Google Patent on Structured Data Focuses upon JSON-LD

Search Using Structured Data

Structured Data is information that is set out in a way which makes it easy for a search engine to read easily. Some examples include XML markup in XML sitemaps and schema vocabulary found in JSON-LD scripts.

A search engine that answers questions based upon crawling and indexing facts found within structured data on a site works differently than a search engine which looks at the words used in a query, and tries to return documents that contain the same words as the ones in the query; hoping that such a matching of strings might contain an actual answer to the informational need that inspired the query in the first place.
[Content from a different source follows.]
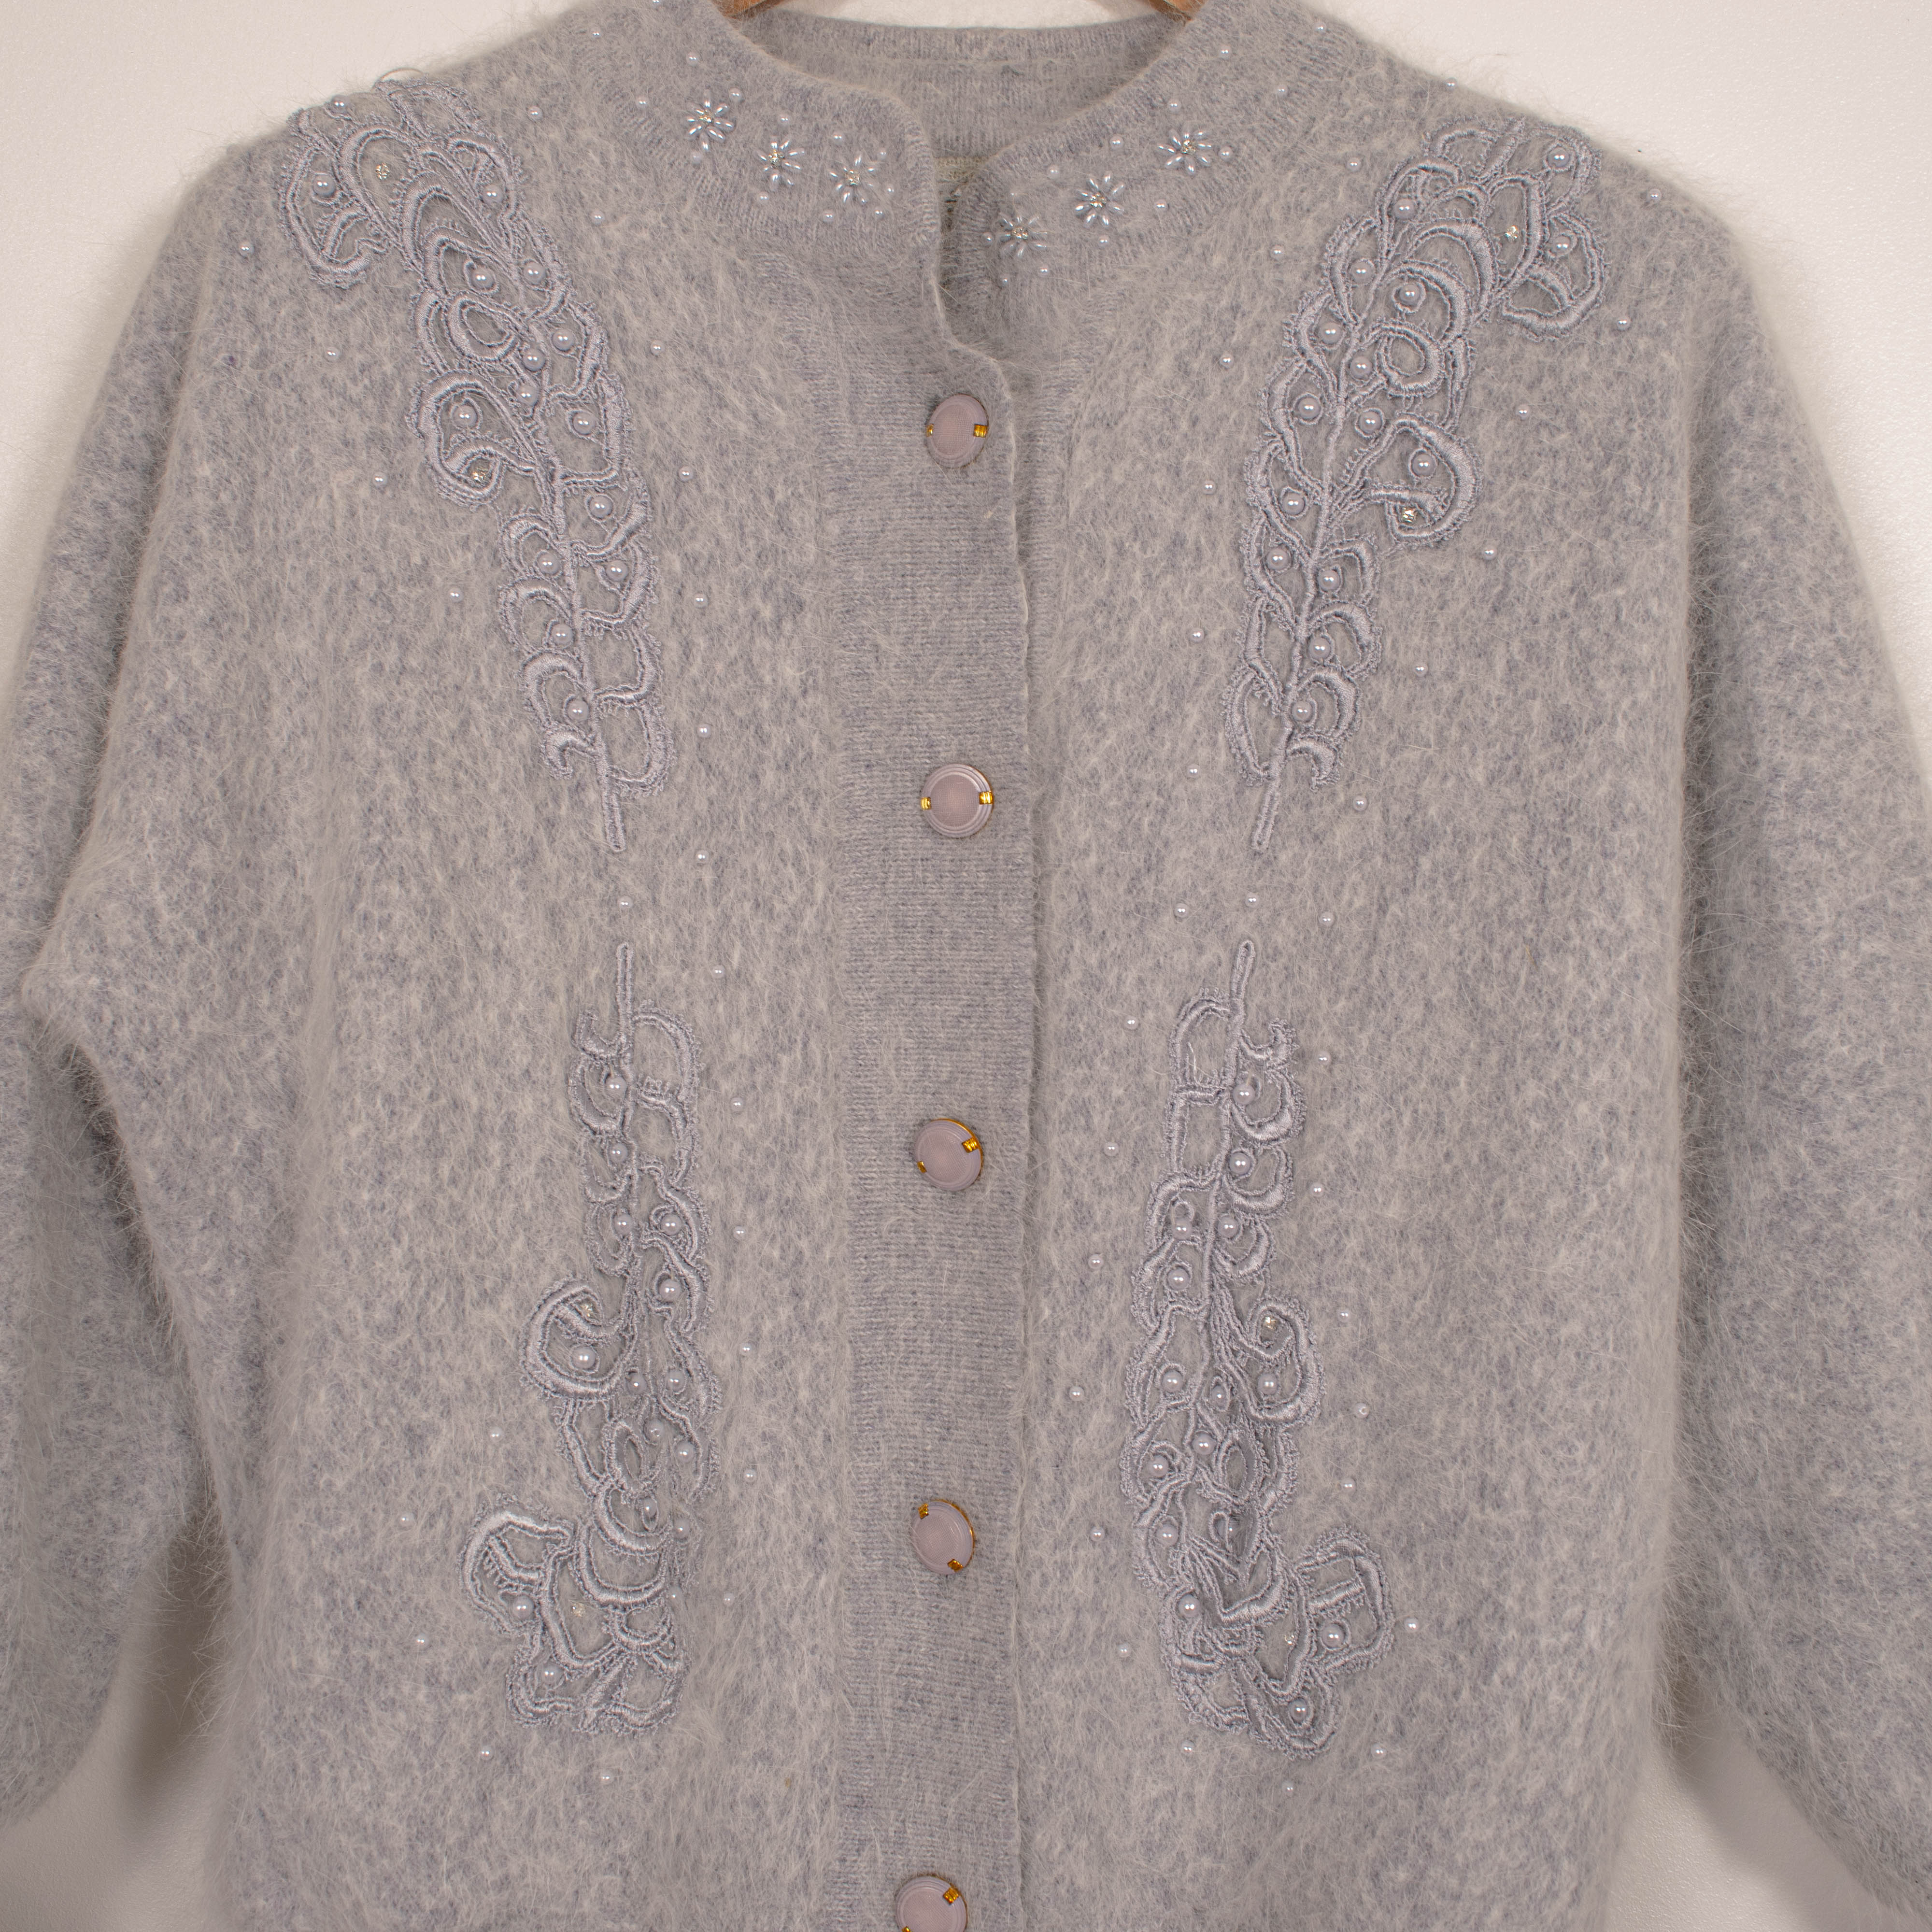 Shine Grey Button Up Sweater Floral Pearls Design Embroidery Angora Rabbit Wool Womens L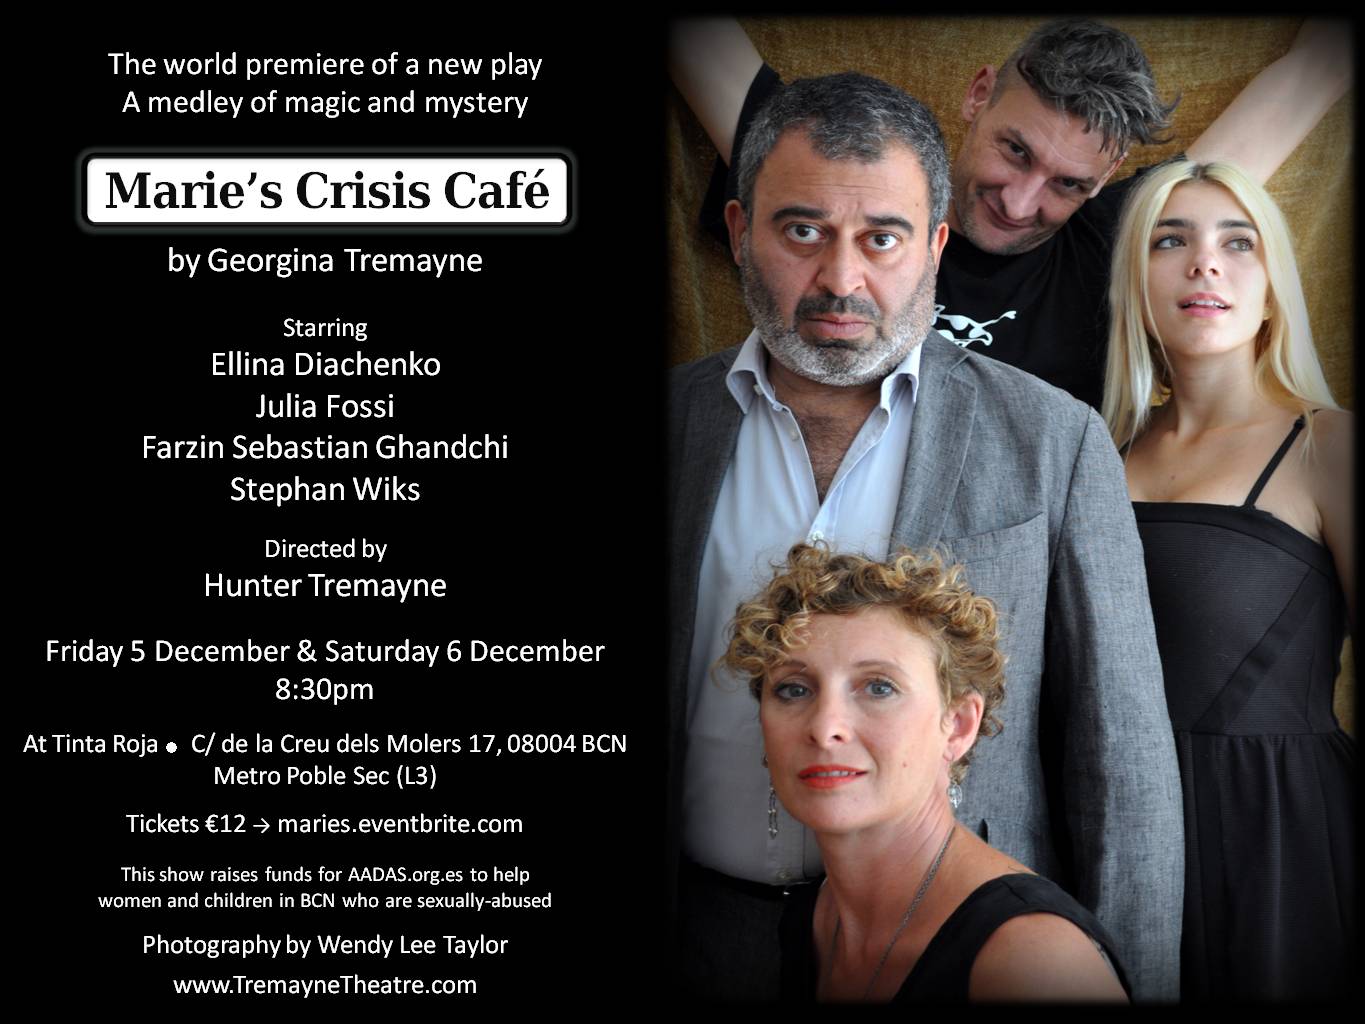 Marie's Crisis Cafe

Search using Structured Data works a little differently, as seen in this flowchart from a 2017 Google patent:

Flow Chart Showing Structured Data in a Search

In Schema, Structured Data, and Scattered Databases such as the World Wide Web, I talked about the Dipre Algorithm in a patent from Sergey Brin, as I described in the post, Google’s First Semantic Search Invention was Patented in 1999. That patent and algorithm described how the web might be crawled to collect pattern and relations information about specific facts. In that case, about books. In the Google patent on structured data, we see how Google might look for factual information set out in semi-structured data such as JSON-LD, to be able to answer queries about facts, such as, “What is a book, by Ernest Hemingway, published in 1948-1952.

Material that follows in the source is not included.